Institute for Cognitive Neurodynamics, East China University of Science and Technology, Shanghai 200237, China, Brain Science Institute, Tamagawa University, Machida, Tokyo 194-8610, Japan, Department of Psychology, Senshu University, Tama-ku, Kawasaki, Kanagawa 214-8580, Japan, and Research Institute for Electronic Science, Hokkaido University, Kita-ku, Sapporo 060-0812, Japan.
J Neurosci. 2014 Jan 22;34(4):1380-96. doi: 10.1523/JNEUROSCI.2263-13.2014.

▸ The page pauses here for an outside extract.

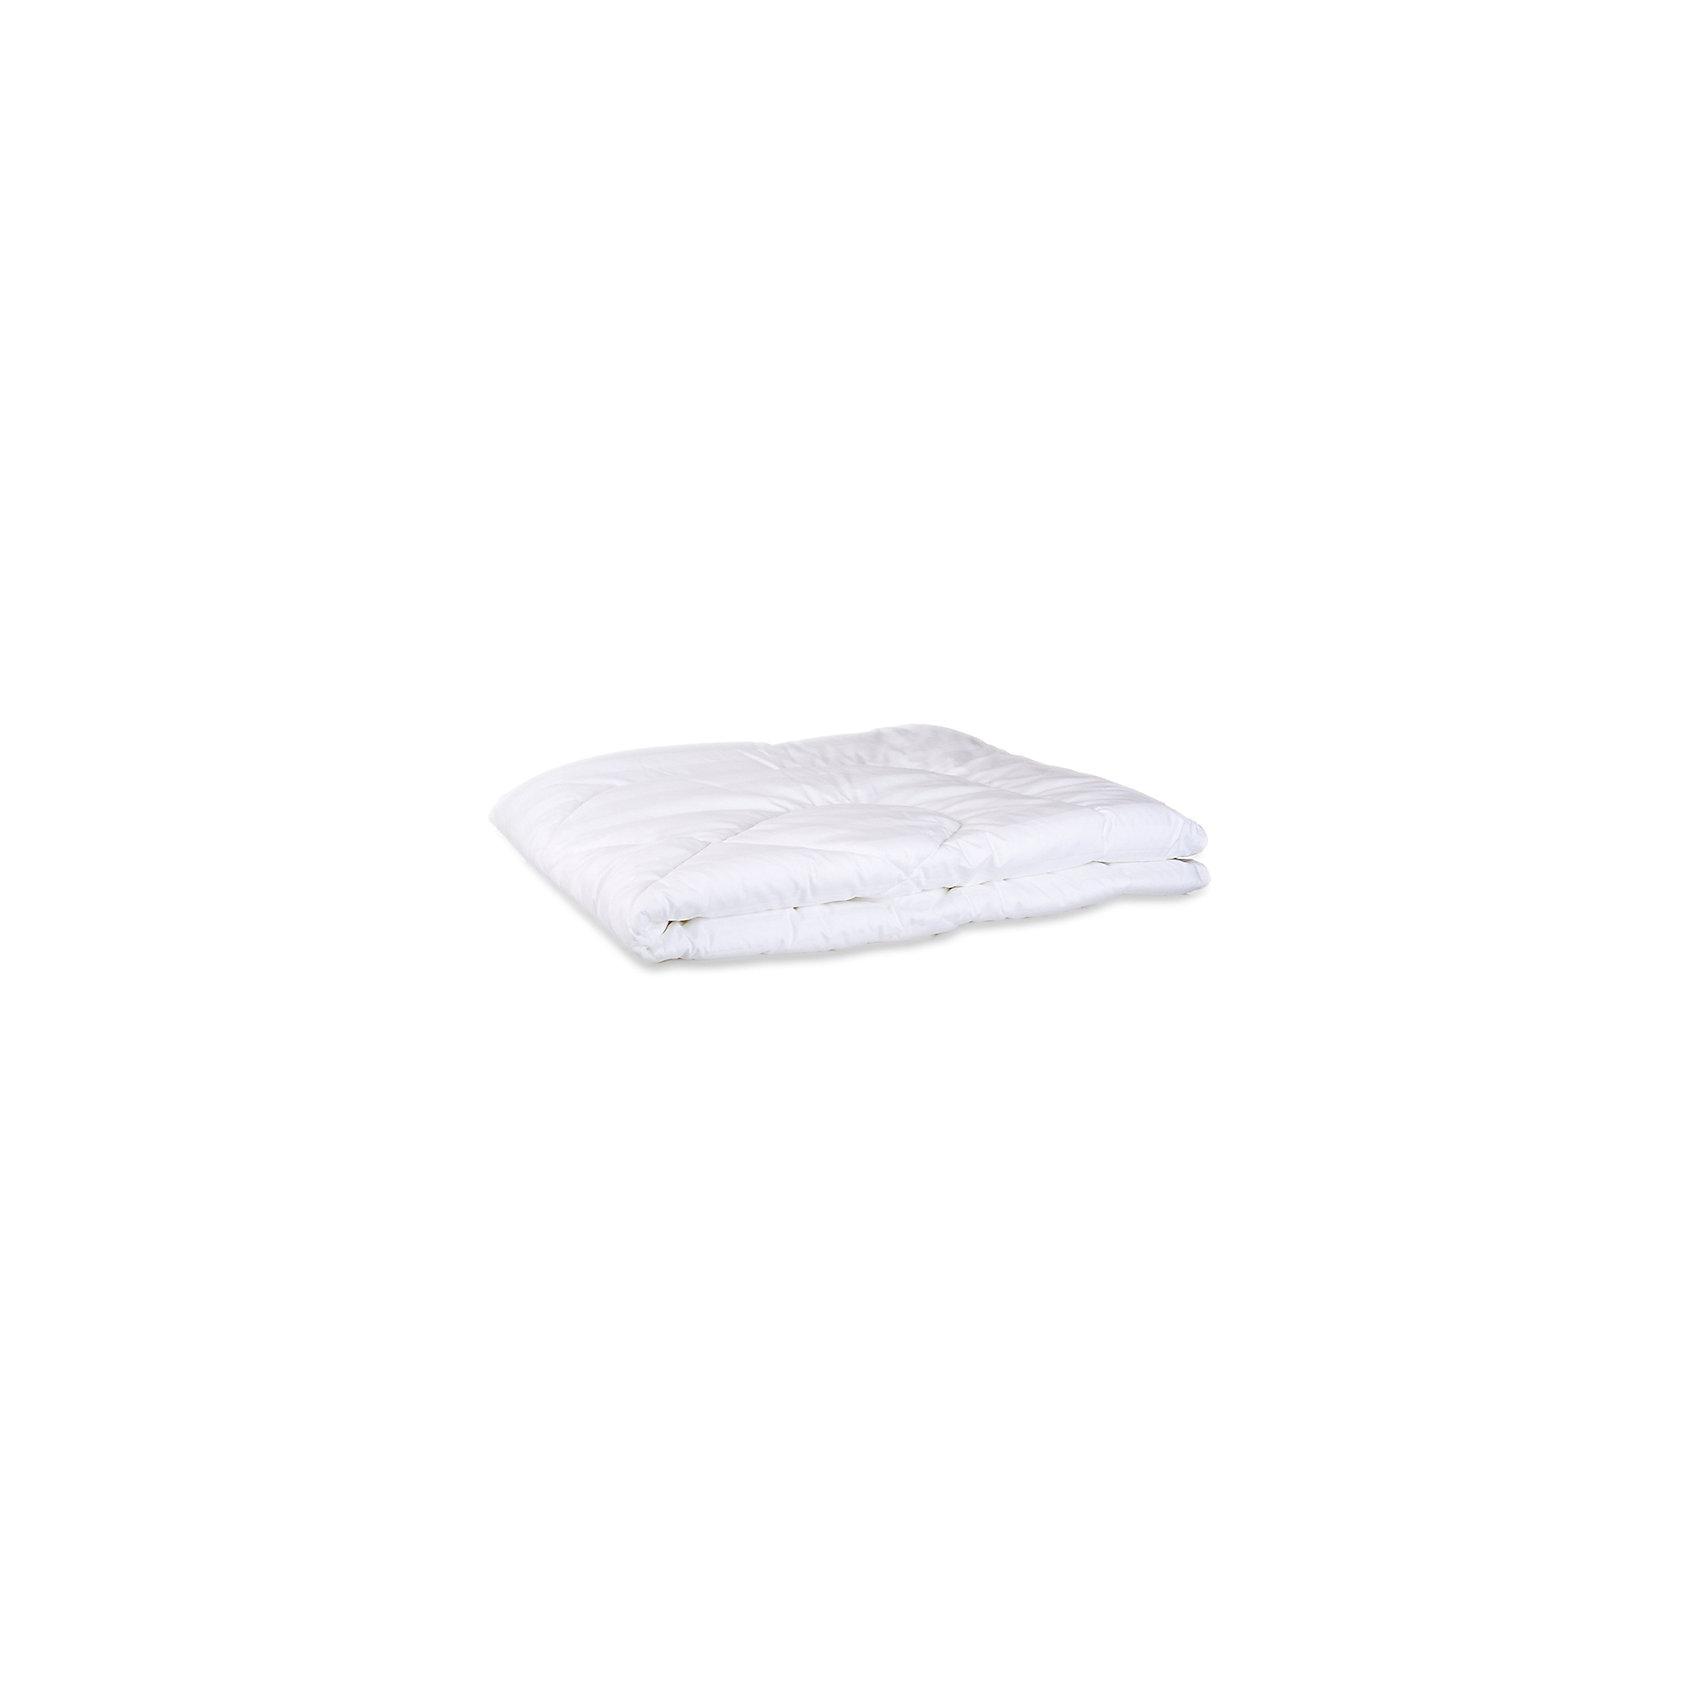 Одеяло синтепон, в чемодане, Сонный гномикОдеяло синтепон, в чемодане, Сонный гномик - это прекрасный выбор для здорового сна и отдыха.<br>Мягкое одеяло с наполнителем из синтепона подарит малышам комфортный сон и уют. Синтепон - это объемный, легкий и эластичный материал. Он безопасен для малыша и не вызывает аллергию. Основные преимущества синтепона заключаются в прекрасных теплозащитных свойствах и малом весе. Синтепон не деформируется при многократном сжатии, имеет хорошие прочностные свойства. Он влагостоек, не впитывает воду и быстро сохнет. Одеяло можно стирать как вручную, так и в стиральной машине в режиме деликатной стирки при температуре 30 градусов.<br><br>Дополнительная информация:<br><br>- Комплектация: одеяло<br>- Цвет: белый<br>- Размер: 110х140 см.<br>- Материал верха: бязь (100% хлопок)<br>- Наполнитель: синтепон (плотность 250г/кв.м)<br>- Вес: 600 гр.<br><br>Одеяло синтепон, в чемодане, Сонный гномик можно купить в нашем интернет-магазине.<br><br>Ширина мм: 530<br>Глубина мм: 90<br>Высота мм: 350<br>Вес г: 930<br>Возраст от месяцев: 0<br>Возраст до месяцев: 48<br>Пол: Унисекс<br>Возраст: Детский<br>SKU: 4924461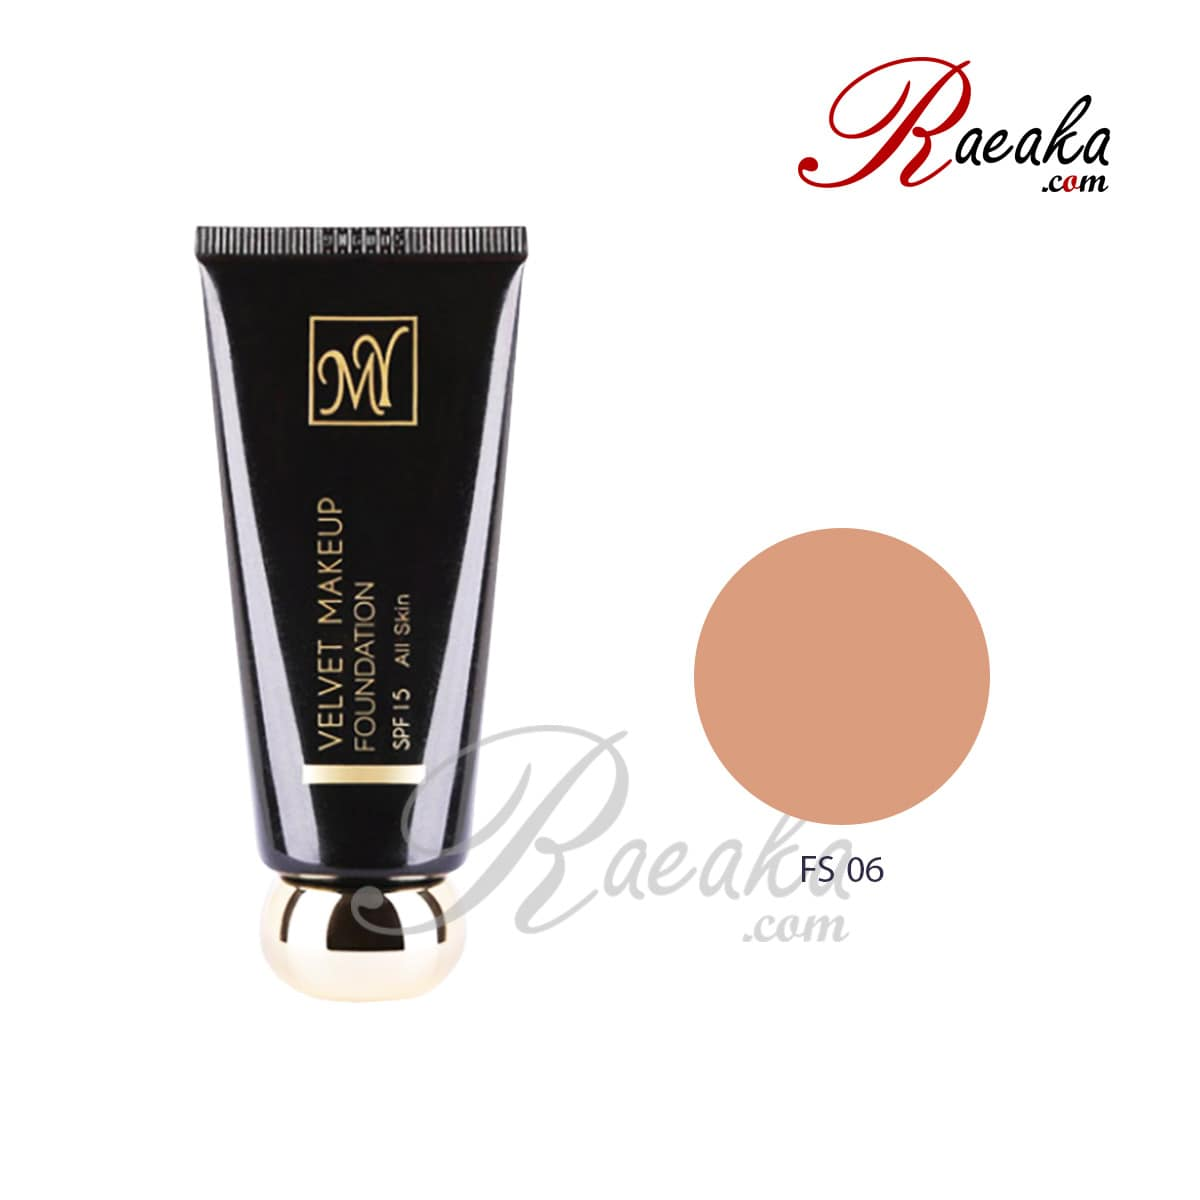 کرم پودر نیمه مات سری بلک دایموند مای کد FS06 مناسب پوست های معمولی تا خشک حجم ۳۵ میلی لیتر

The brain contains multiple yet distinct systems involved in reward prediction. To understand the nature of these processes, we recorded single-unit activity from the lateral prefrontal cortex (LPFC) and the striatum in monkeys performing a reward inference task using an asymmetric reward schedule. We found that neurons both in the LPFC and in the striatum predicted reward values for stimuli that had been previously well experienced with set reward quantities in the asymmetric reward task. Importantly, these LPFC neurons could predict the reward value of a stimulus using transitive inference even when the monkeys had not yet learned the stimulus-reward association directly; whereas these striatal neurons did not show such an ability. Nevertheless, because there were two set amounts of reward (large and small), the selected striatal neurons were able to exclusively infer the reward value (e.g., large) of one novel stimulus from a pair after directly experiencing the alternative stimulus with the other reward value (e.g., small). Our results suggest that although neurons that predict reward value for old stimuli in the LPFC could also do so for new stimuli via transitive inference, those in the striatum could only predict reward for new stimuli via exclusive inference. Moreover, the striatum showed more complex functions than was surmised previously for model-free learning.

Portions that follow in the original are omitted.